I've been with my boyfriend for 2 years now. His son is 5 (was 3 when we began dating). My question is this: His son and I get along great and have alot of fun together. On the rare occasions he doesn't listen to me or does something he knows not to do, Dad immediately steps in an says "jane" asked you to ......). When I'm alone with his son (when the BF is working etc) if he misbehaves, we always work it out with a conversation. I would like to handle those situations myself when dad is around also, but also feel as if it's not really my place since Dad is there and I'm not his mother. I'm torn on the discipline / time out angle. Is this something I should avoid all together since I'm not his biological parent? Do I just let Dad step in and handle those situations? I don't want him to learn that he doesn't need to respect and/or listen to what I say either. Anyone that has dealt w/ this issue please help !!

2006-10-03 15:05:11 · 12 answers · asked by earthlove32 2 in Family & Relationships Other - Family & Relationships

12 answers

you and the dad need to discuss what is aprropiate and what isnt some times a child bonds better with a stepparent than the biological parent and if you are in his life and plan to stay there then you need to talk with the dad without the child present then he needs to talk with the child that way the child knows what is to be expected instead of guessing

2006-10-03 15:09:11 · answer #1 · answered by kitkat 2 · 1 0

You should talk to your boyfriend about the situation, and let him know that you want to be able to handle the situation with the little tyke when he is and isnt around. Since he introduced you to the little guy, hes obviously an important part of your life and theirs. The little guy also needs to listen to other people and respect everyone. So you wanting to discipline him is a good idea, as long as you and your boyfriend talk and agree on punishments (or consequences). Remember, its his ACTIONS and his CONSEQUENCES... you arent doing anything to upset him or make his life horrible...hope this helped!

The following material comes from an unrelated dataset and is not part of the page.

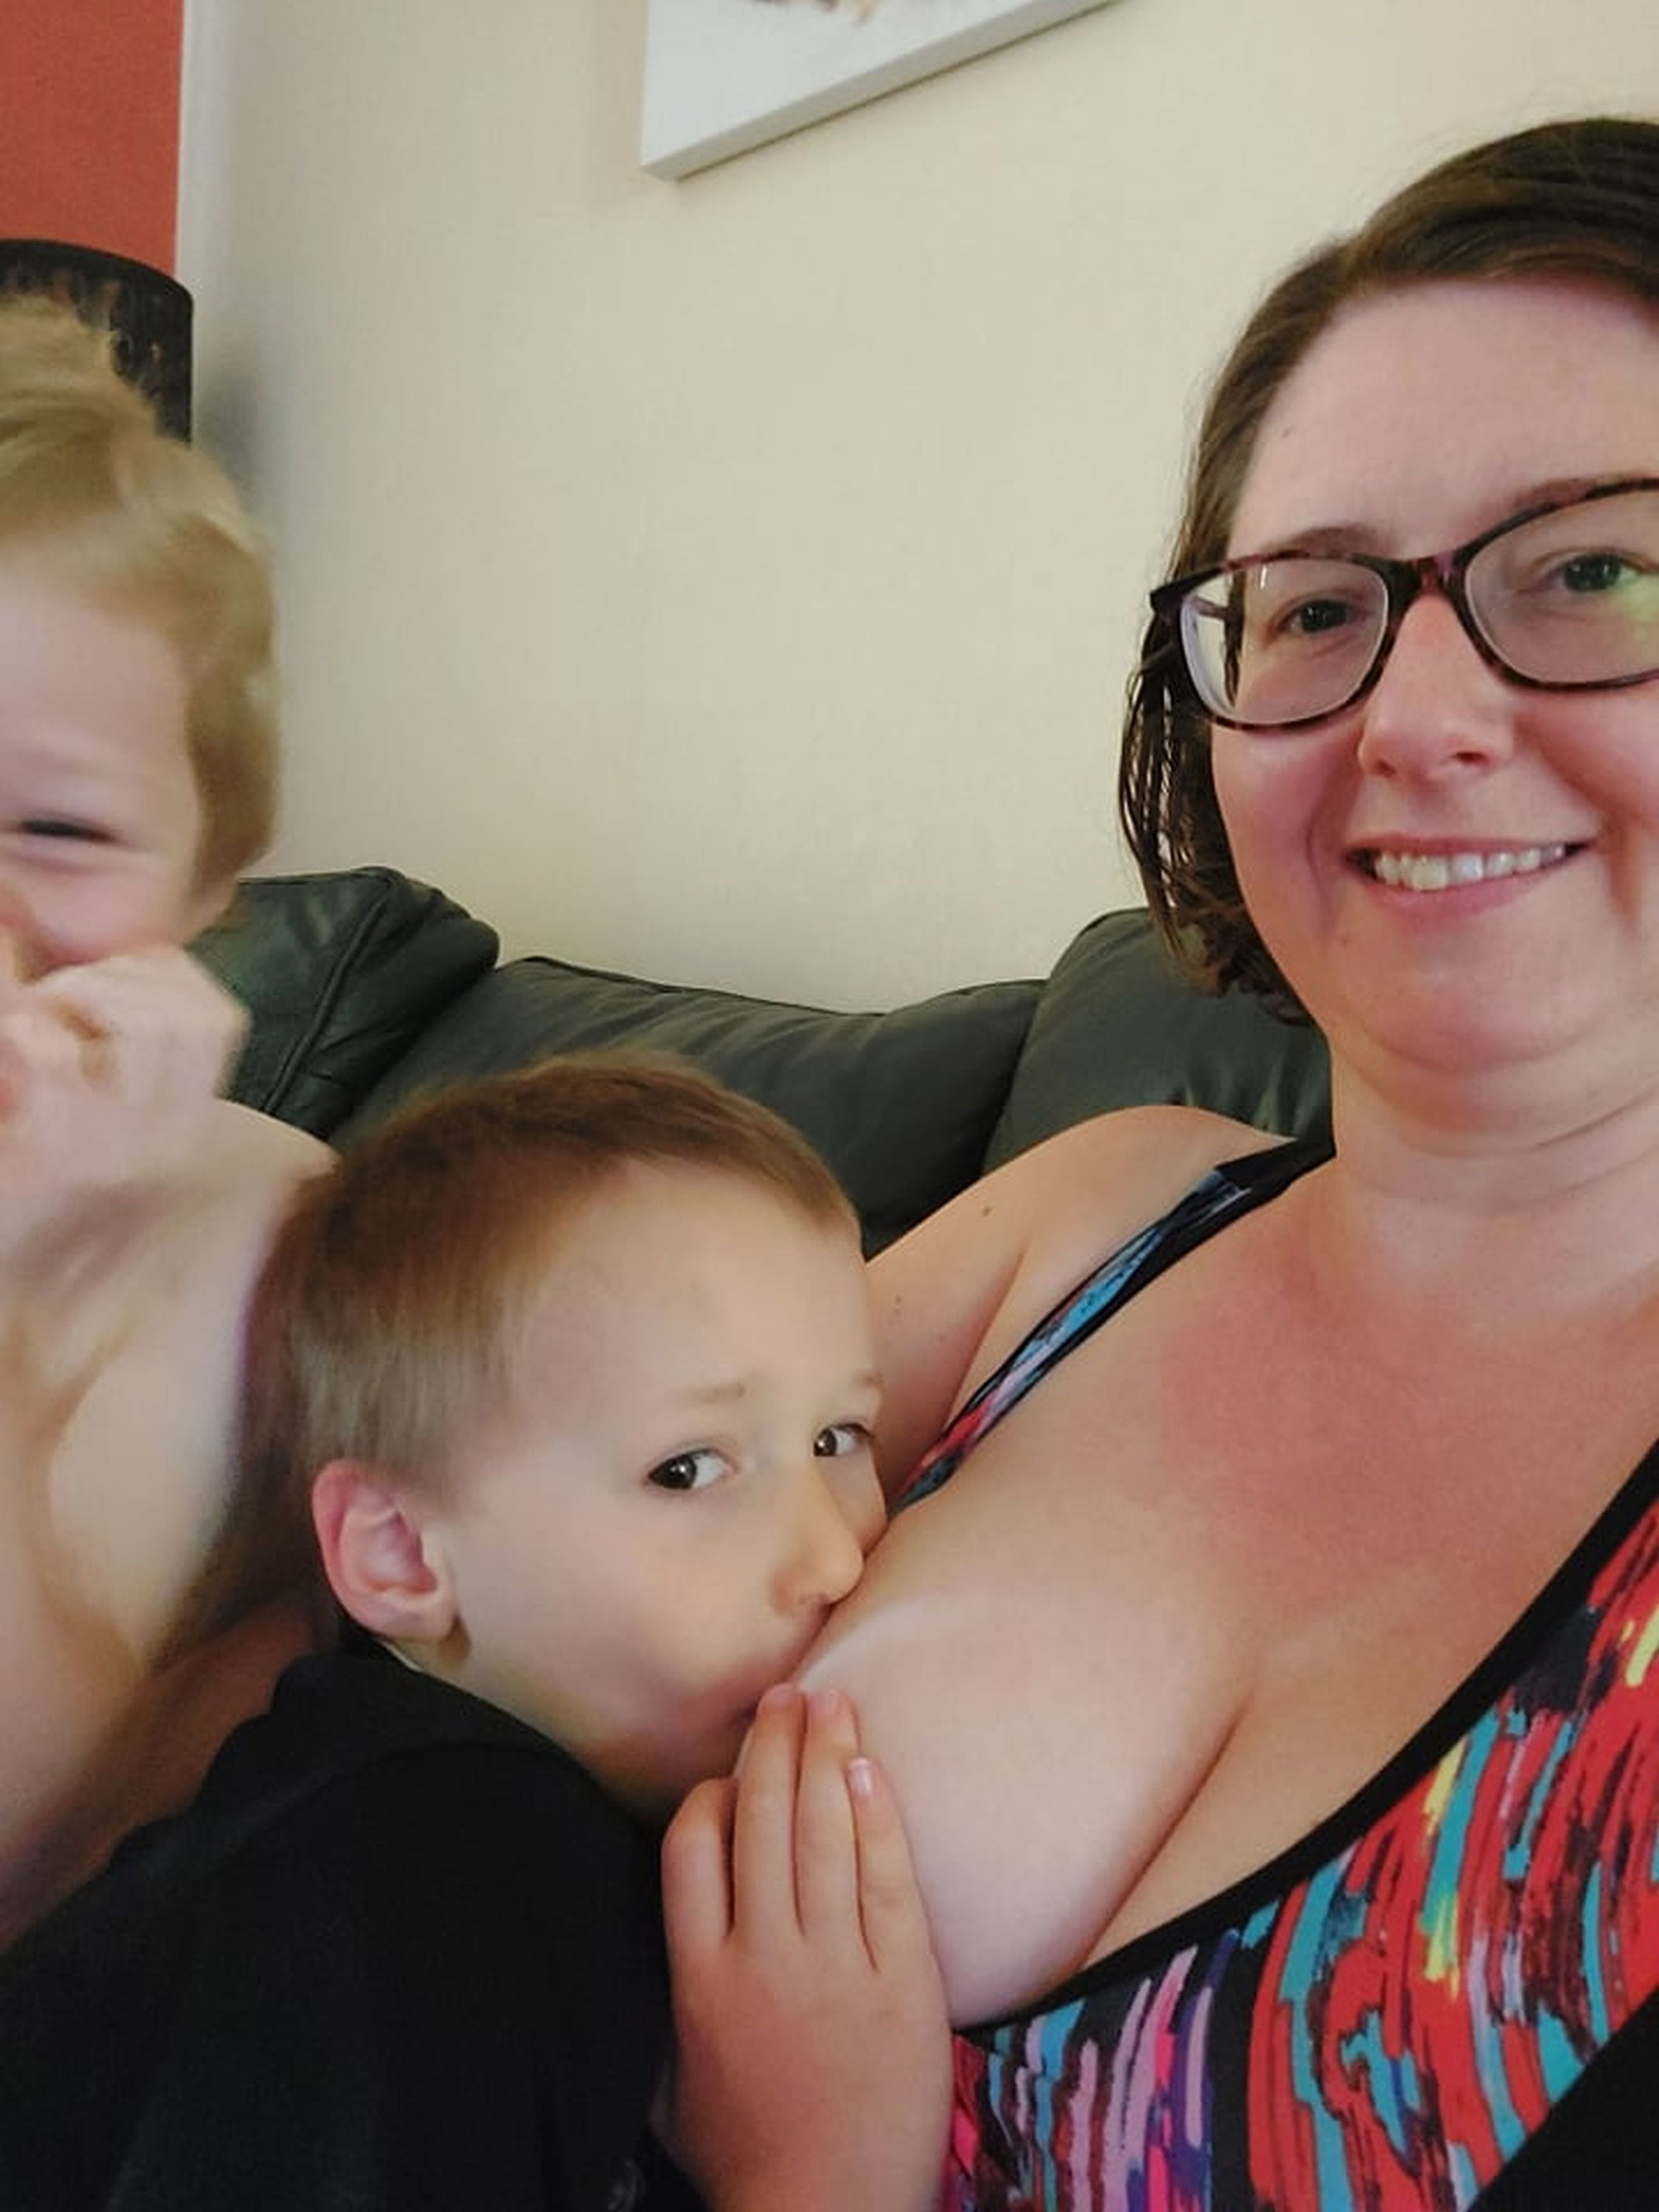 brandon butterworth recommends Mom Breastfeeding Adult Son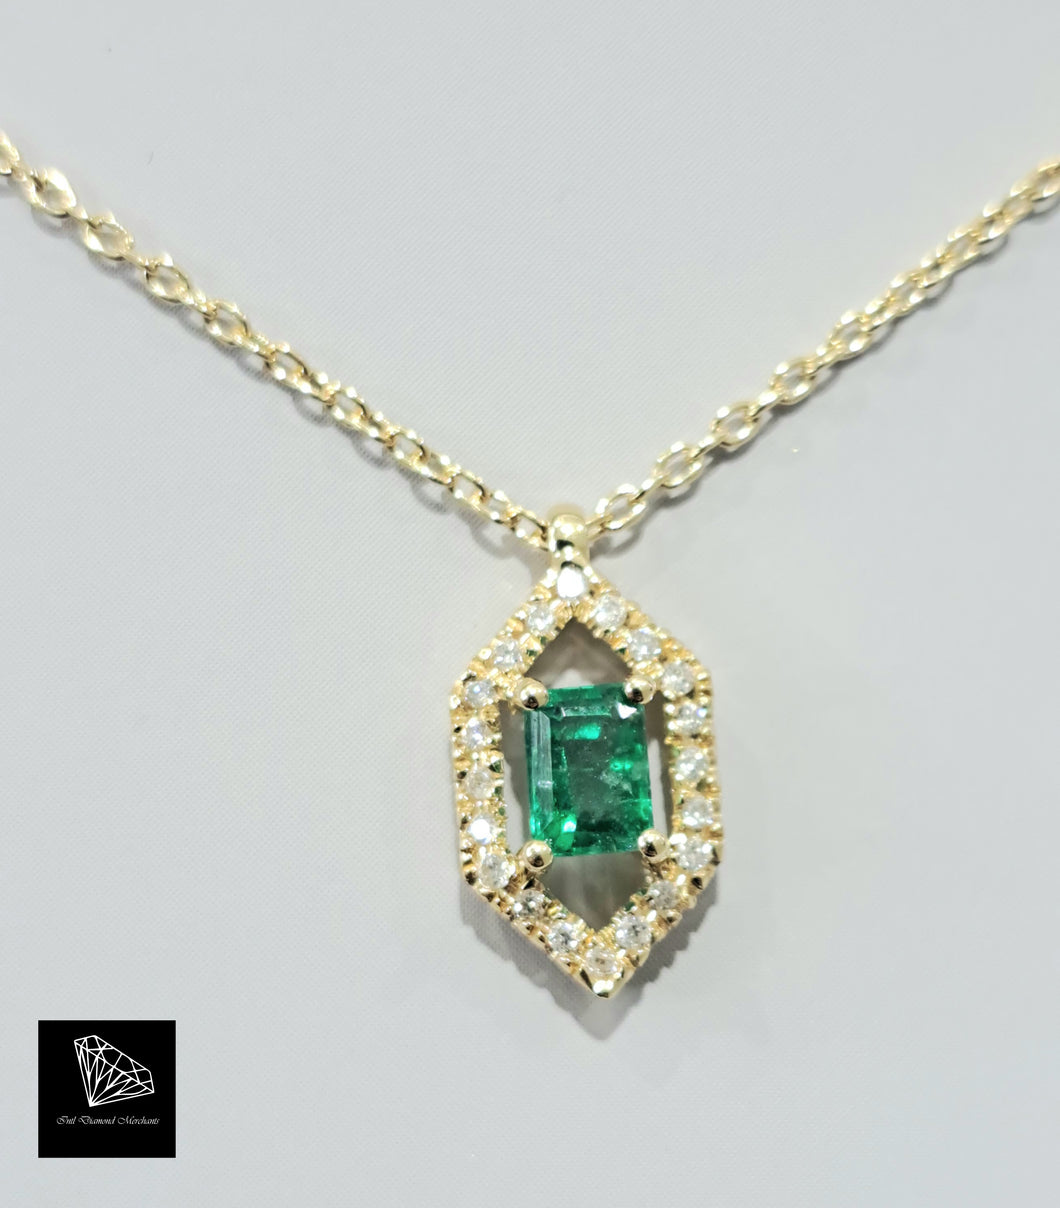 0.35ct Emerald Cut Green Emerald | 0.10cts [20] Round Brilliant Cut Diamonds | Designer Pendant with Chain | 18kt Yellow Gold

2006-10-03 15:12:17 · answer #2 · answered by pinkpolkadots34 1 · 0 0

You need to discuss this with the bf. When he's around, he should definitely be the one doling out the discipline. But, when you are left alone to babysit, you have to be able to set rules, so there has to be an agreement on what will be done- time-outs etc.

2006-10-03 15:08:07 · answer #3 · answered by from HJ 7 · 1 0

I am a nanny and I understand how hard it is to discipline someone else's children, but i suggest that you talk to your BF about the situation. When it comes to his son I think that you should definitely pull him in to line, he is always testing you.... Children are so smart he is just testing you!! :)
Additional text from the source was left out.